MACtac Distributor Products has a variety of laminate products under its PERMACOLOR portfolio. Recently, it introduced the PERMACOLOR HORIZon XL1000 overlaminate. Designed for complex vehicle and fleet wraps, it is a thin polyurethane film—1.5 mil—featuring a permanent adhesive coating that contributes to the conformability that leads to ease of installation. It is guaranteed to last five to seven years on vertical surfaces and two to three years on horizontal surfaces.

 

Marabu North America announced its newest liquid coating product in October 2013. ClearShield Wall Armor offers a Type II certified solution for wallcoverings in commercial environments. It is compatible with latex, eco-solvent, and UV ink.
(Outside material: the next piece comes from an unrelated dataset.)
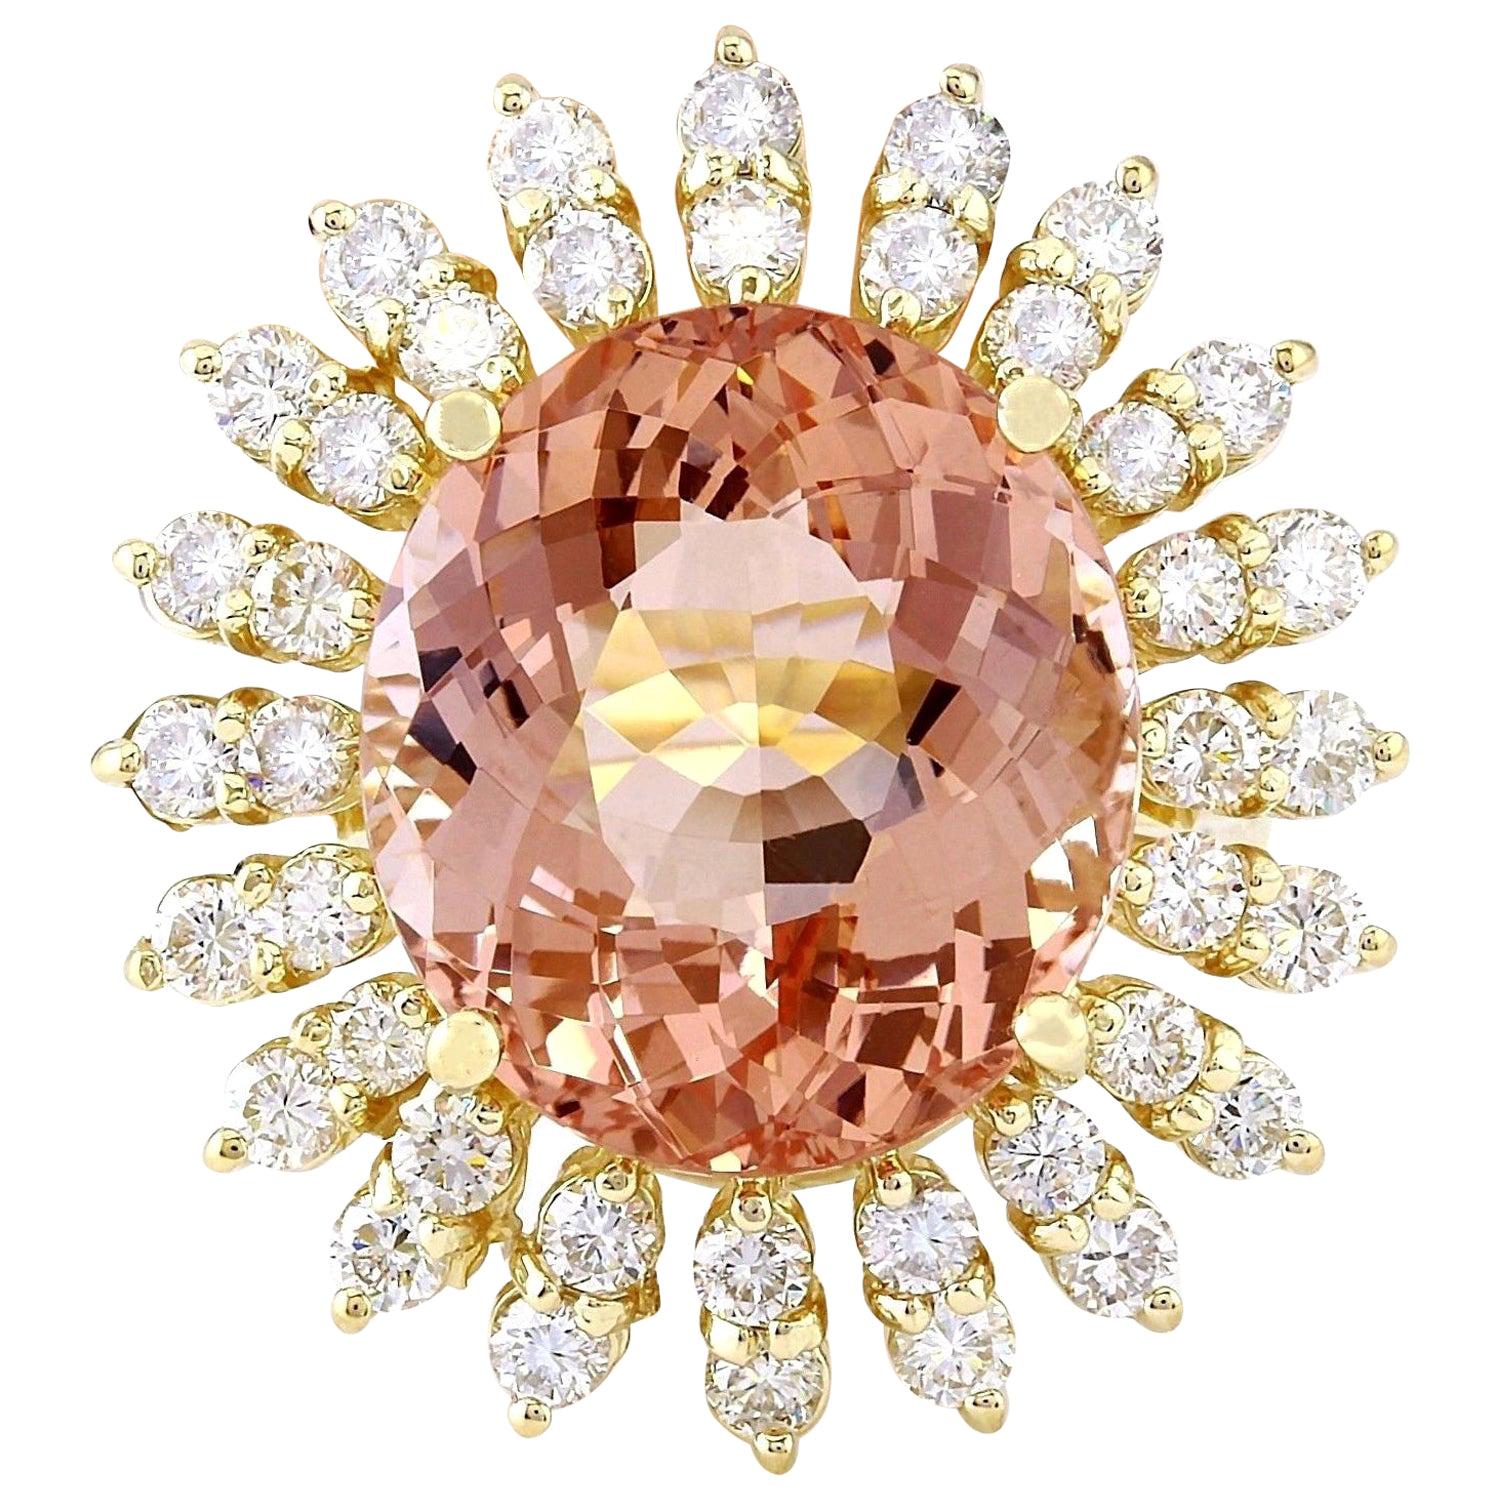 Natural Morganite Diamond Ring In 14 Karat Solid Yellow Gold  For Sale
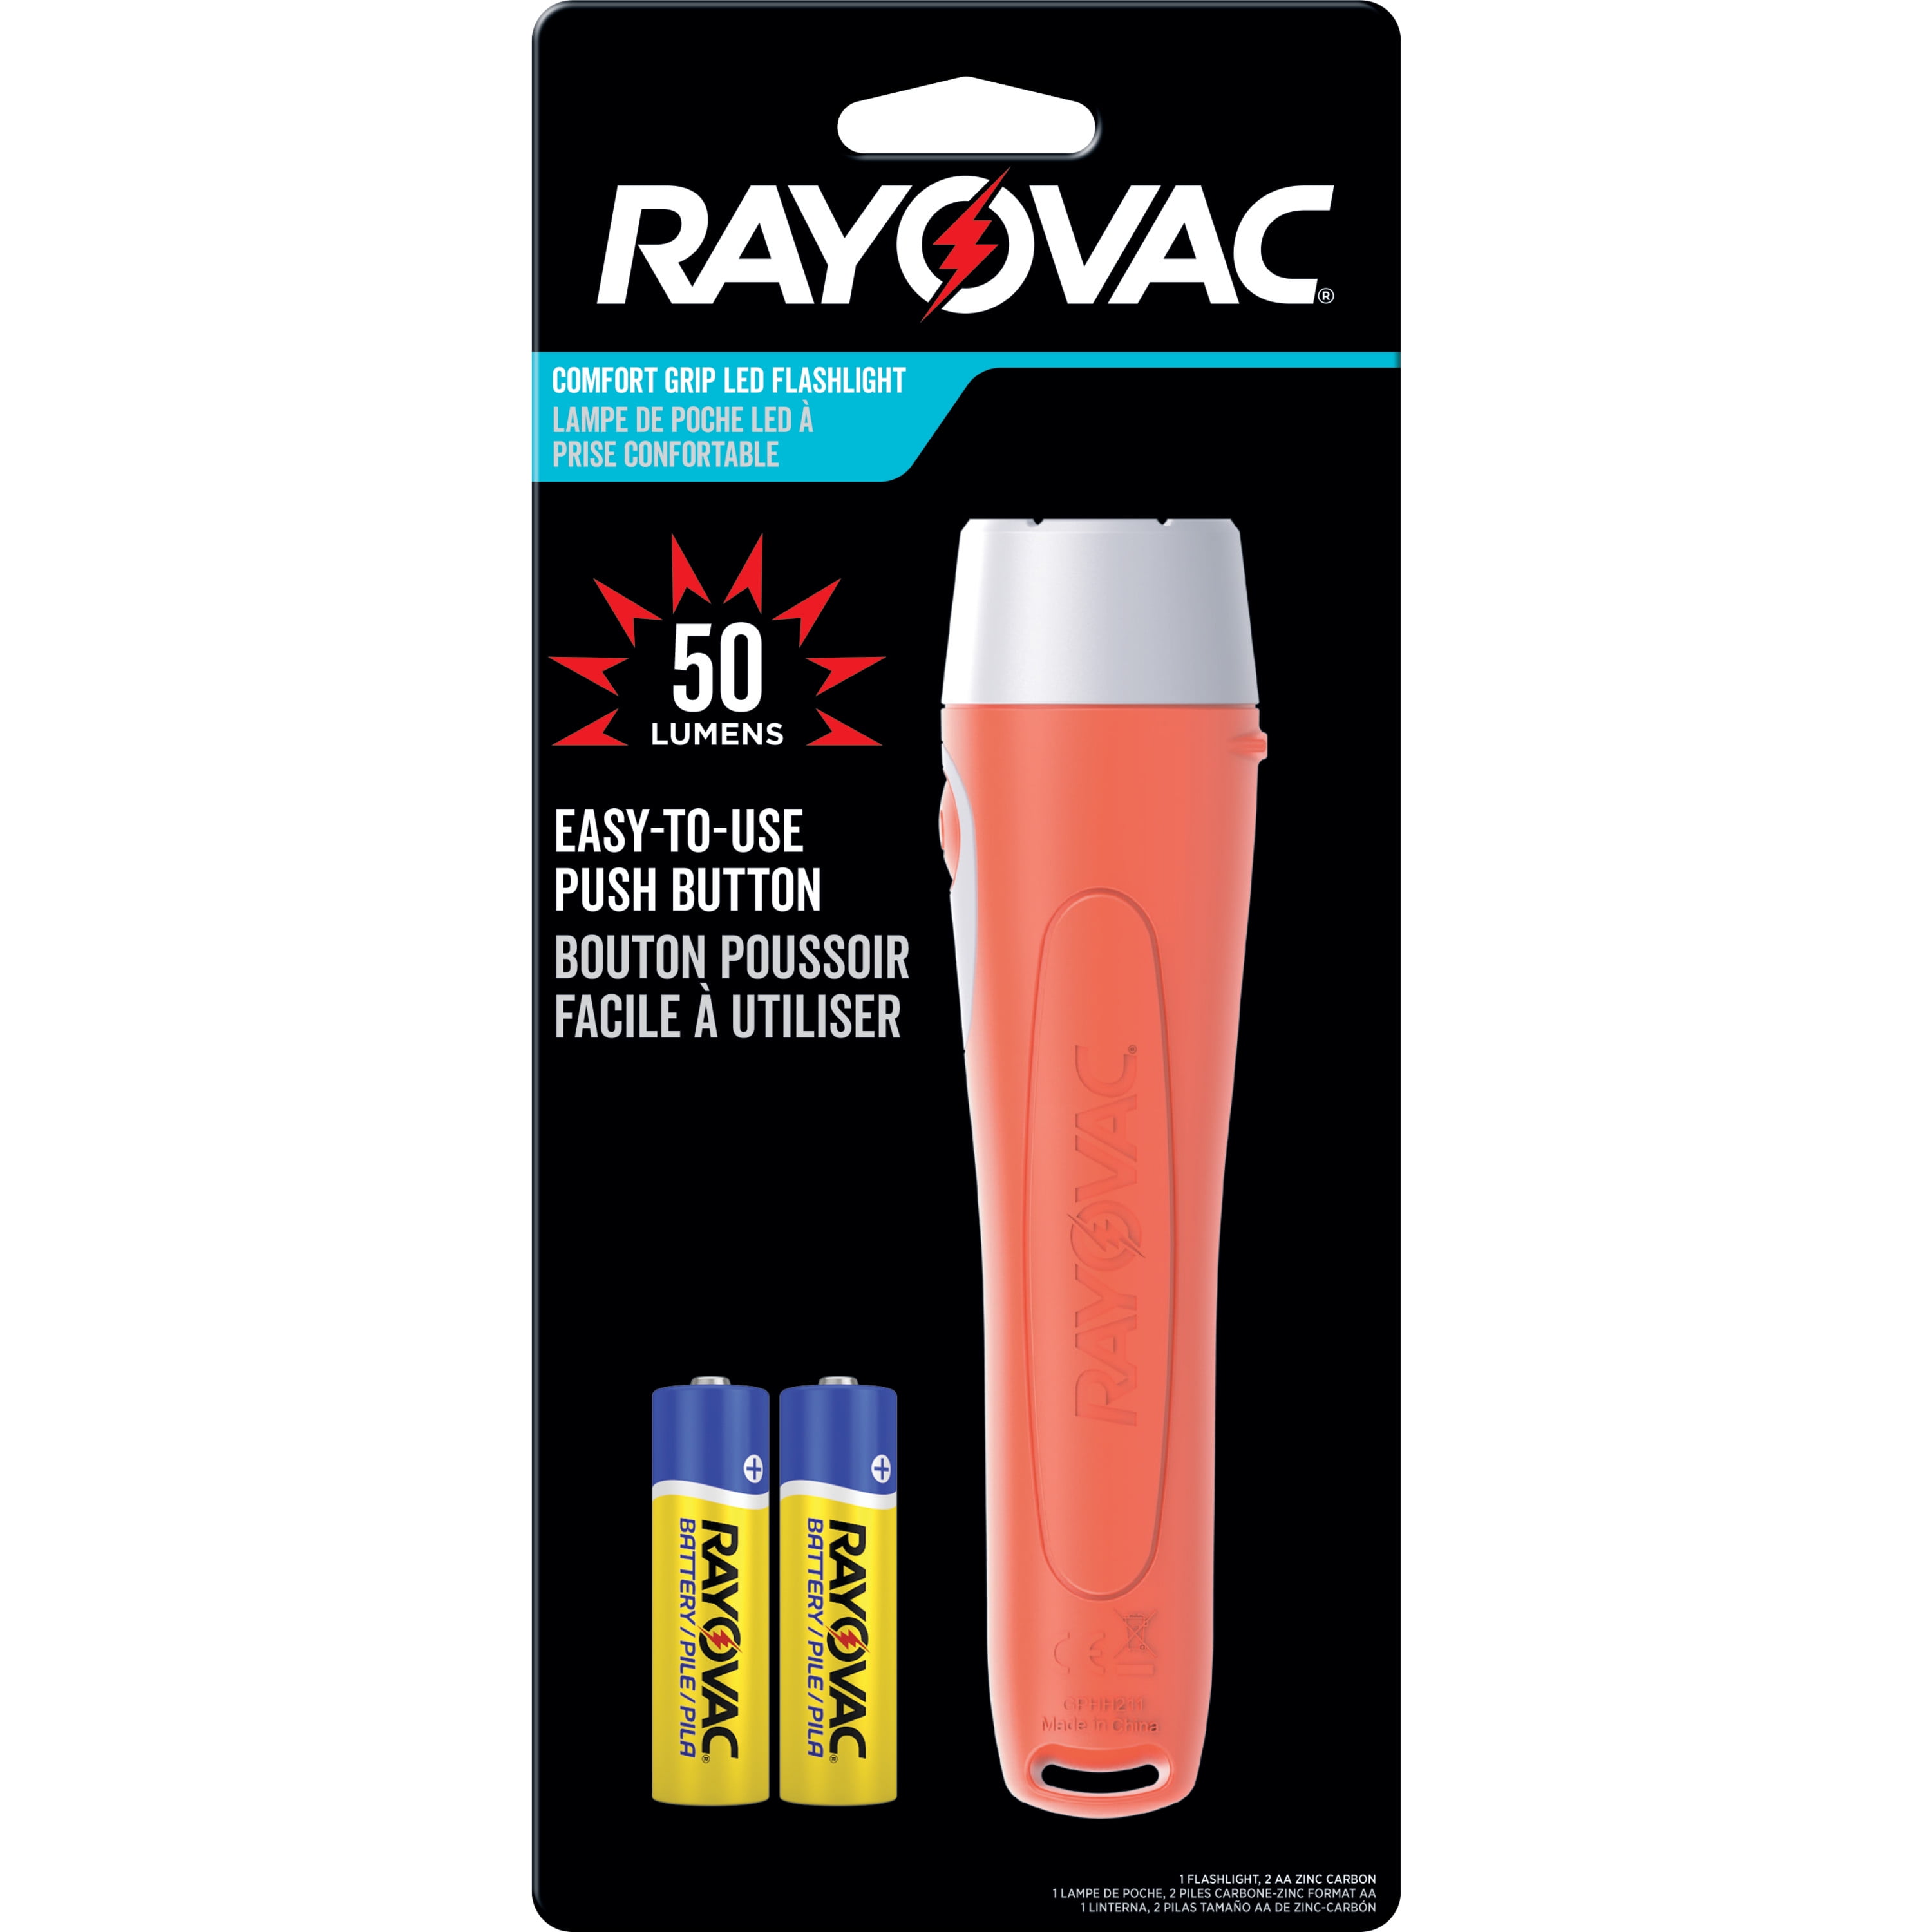 Rayovac LED Flashlight, 50 Lumen, Comfort Grip LED Light

ClearShield Wall Armor provides all of the protection necessary for Type II certification, including stain resistance, scratch resistance, adhesion, and fire retardancy.

 

SEAL’s most popular film laminate is its Print Shield Standard UV, an affordable, pressure-sensitive, premium grade vinyl film ideal for indoor applications and UV inhibitors for outdoor applications. It is available in widths of 38 to 79 inches in 150 to 400 feet rolls. All SEAL Print Shield films are pressure sensitive and can be used with a cold or heat assist laminator. SEAL Print Shield laminates are cooperative with most ink types.

 

Protection Guaranteed

Even with continuing advancements in ink sets, protective products like liquid coating and film laminates remain contenders for providing graphics with a strong defense against discoloration, UV rays, weathering, abrasion, and other damaging factors while also adding output durability and value. With varying methods, many will find the right protection for their digitally printed output.